Week 3: Day 2

Dec 16, 2024

Scripture: Luke 2:6-7; James 4:1-10

The digs were humble at best. A "no vacancy" sign and a barn and a feeding trough. He came in to a world that thought it had no room for him. He came, not in a palace as a king, but in a manger as hayseed He was born in a stable to parents who were so uninfluential that they could not convince their way into a real hotel room.

The king of the universe, the maker of the stars, the One by and through whom all things have their being, took his first breath in a humility that no one saw coming. A humility that, to be honest, is unsettling and difficult to acknowledge, because we are not quite sure what to do with it.


Tim Keller says,

"The problem is that it takes great humility to understand humility." The king in a manger is bigger than we want to admit.

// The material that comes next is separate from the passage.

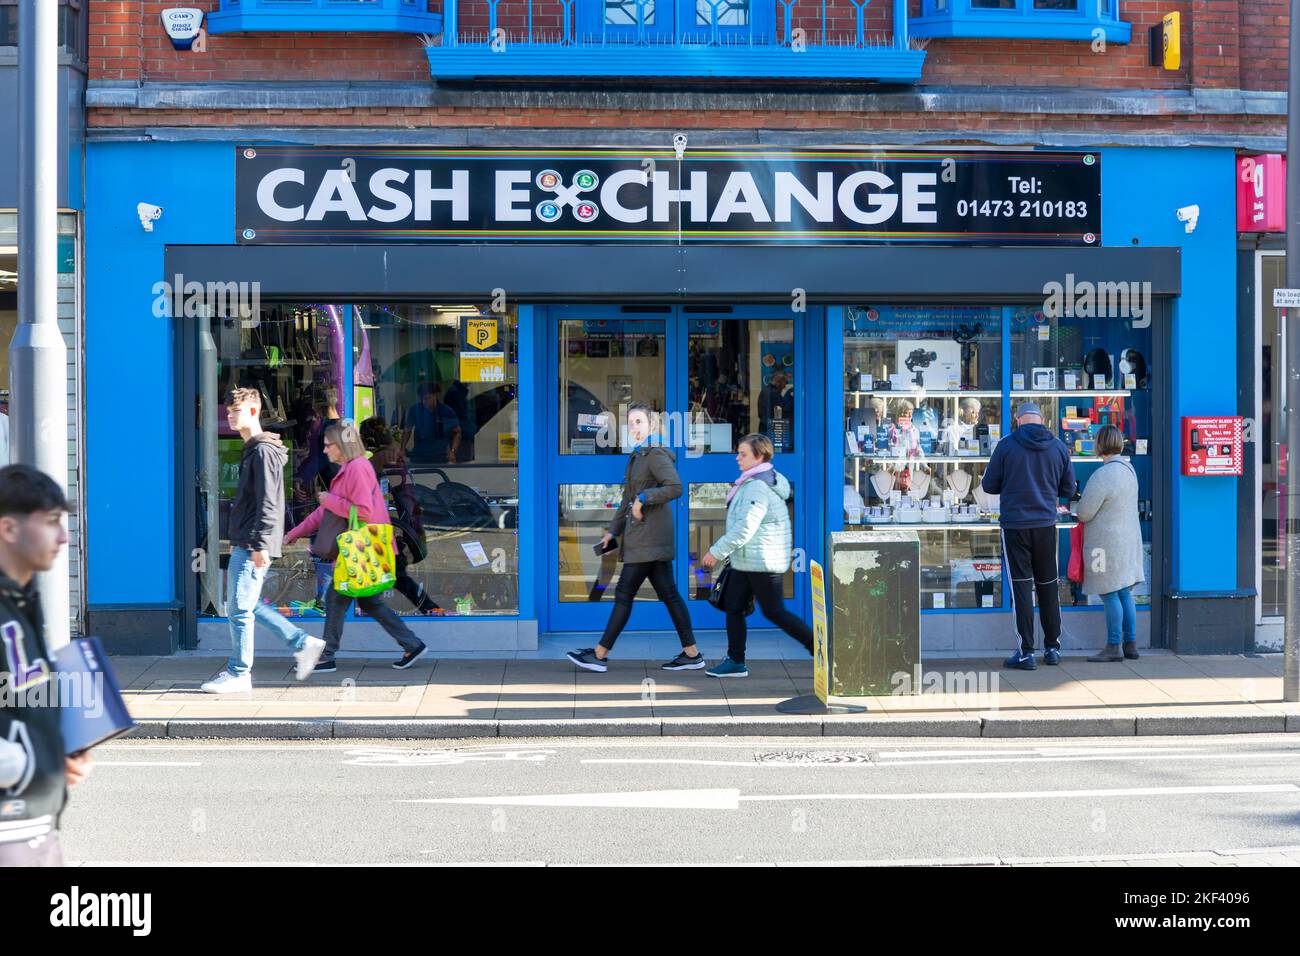 Cash Exchange pawnbrokers shop, Ipswich, Suffolk, England, UK Stock Photo

Born in a manger and killed on a tree, this man would take his first breath and his last breath and all of the ones in between in a humility that we can hardly begin to understand.


The stable is the place to dig deeply into this humility. In our confusion and inability to understand, James says he gives more grace.


The humble one gives us more grace than we could ever need to tread the waters of what feels unattainable. He gives us the grace to look around: at our lives and our homes and under our trees. He gives us the grace to deal with what we will find as we put on the lenses of humility. And, as we dive into the stable, he will draw nearer to us.


Prayer:

Lord Jesus, teach me to be generous. Teach me to serve you as you deserve, To give and not to count the cost, To fight and not to heed the wounds, To toil and not to seek for rest, To labor and not to seek reward, Except that of knowing that I do your will. Amen.